Olivia Nyembezi Muchena (born 18 August 1946) is a Zimbabwean politician and the former Minister of Higher Education in the Cabinet of Zimbabwe. She has also served as the Minister of Science and Technology Development and as the Minister of Women's Affairs.

==Early life and education==
Muchena studied at Iowa State University and graduated with a PhD in agriculture and minors in social change and technology. During the late 1970s she was a faculty member at the University of Rhodesia. When Muchena started her career at the University of Zimbabwe in 1983, she held the positions of Deputy Dean and Senior Lecturer. When her position as Deputy Dean ended in 1985, she remained as a lecturer until 1995.

==Politics==
Muchena had served in various positions in the Zimbabwe government including in the Office of the Vice President and the Ministry of Agriculture. During her position in the Ministry of Agriculture, she was involved in Zimbabwe's land reform process. When the ZANU-PF–MDC national unity government was sworn in on February 13, 2009, Muchena became Minister of Women's Affairs.

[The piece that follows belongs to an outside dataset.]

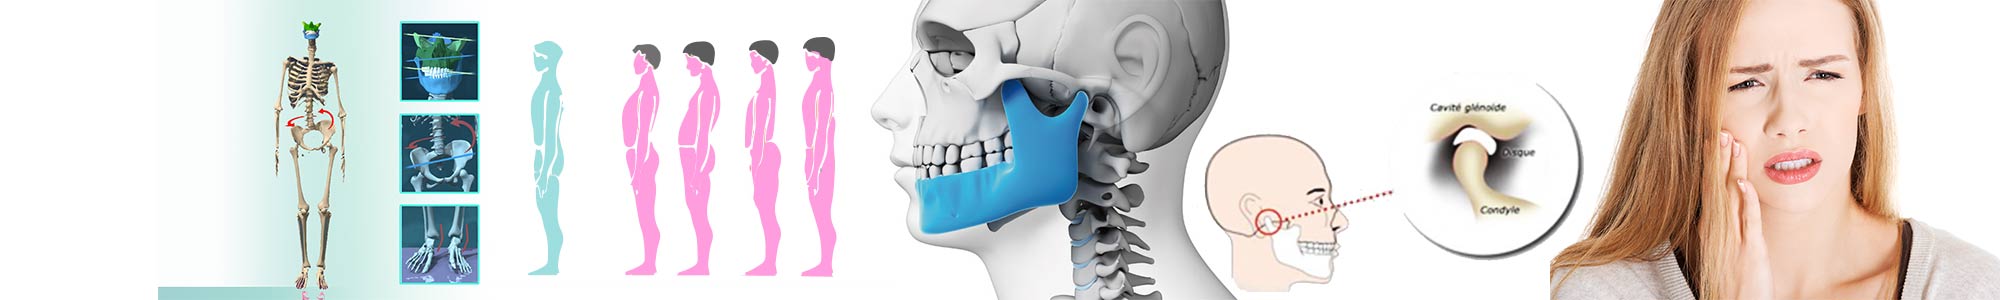 Occlusodontie - Polyclinique dentaire Européenne Tours- Spécialités dentaires à Tours
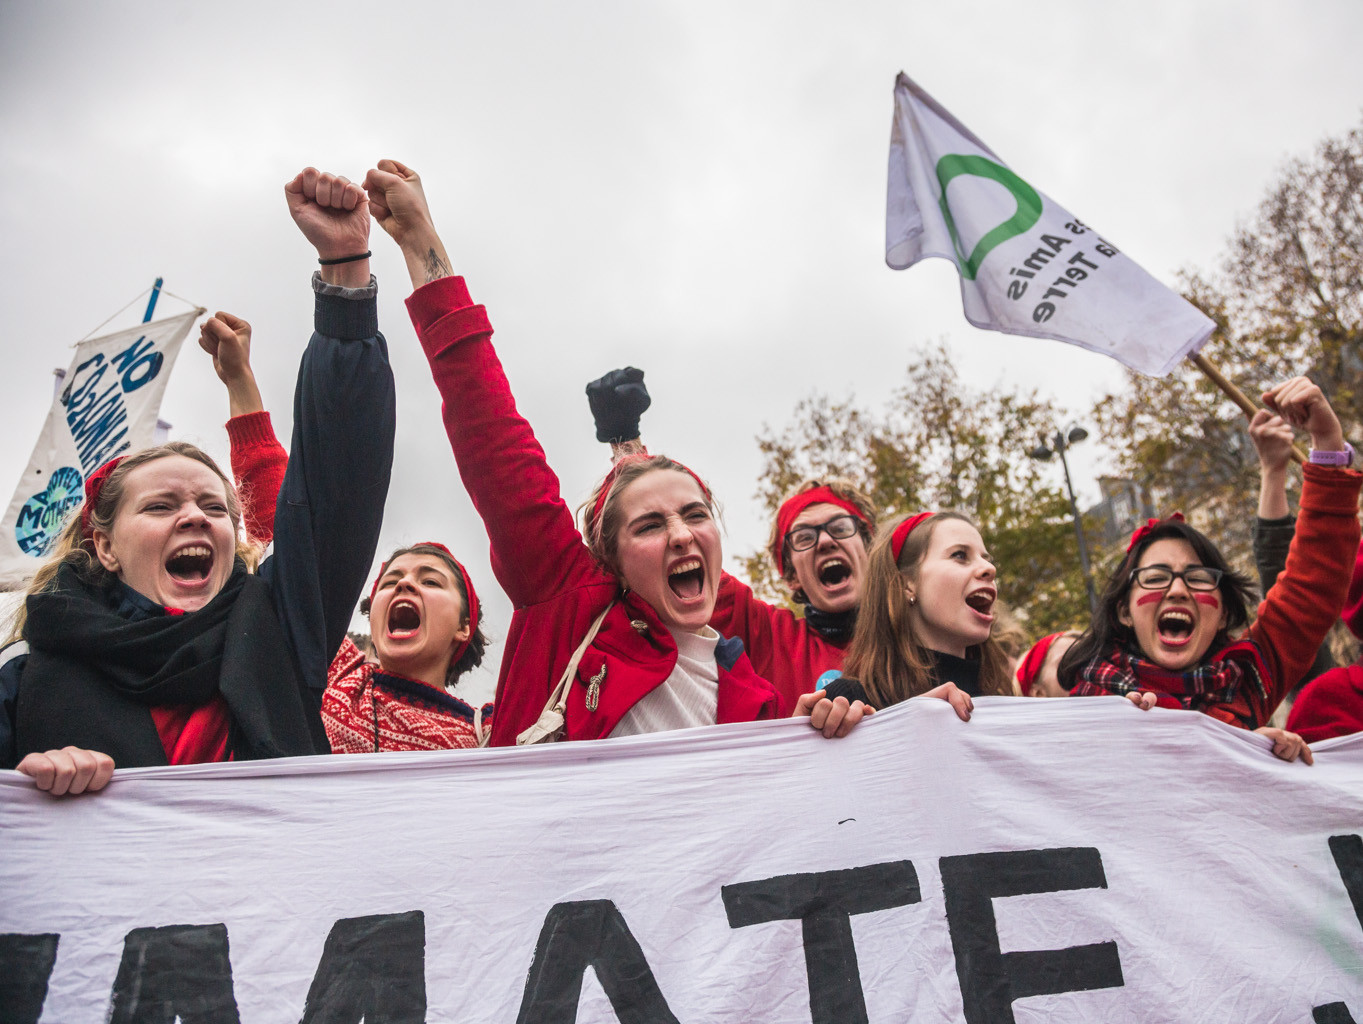 Kliimamuutusi esilekutsuva tööstustegevuse vastu protestivad noored Pariisis 2015. aastal. Foto: Renee Altrov

In June 2015, Muchena lost her seat in the Senate of Zimbabwe after the ZANU-PF ousted her out for supporting Joice Mujuru, who was formerly the Vice-President of Zimbabwe.

She was placed on the United States sanctions list in 2003.

==Literature==
She contributed the piece "It can only be handled by women" to the 1984 anthology Sisterhood Is Global: The International Women's Movement Anthology, edited by Robin Morgan.

==Achievements==
Muchena has received multiple awards including a scholarship from the Africa-America Institute and a fellowship from Kellogg International.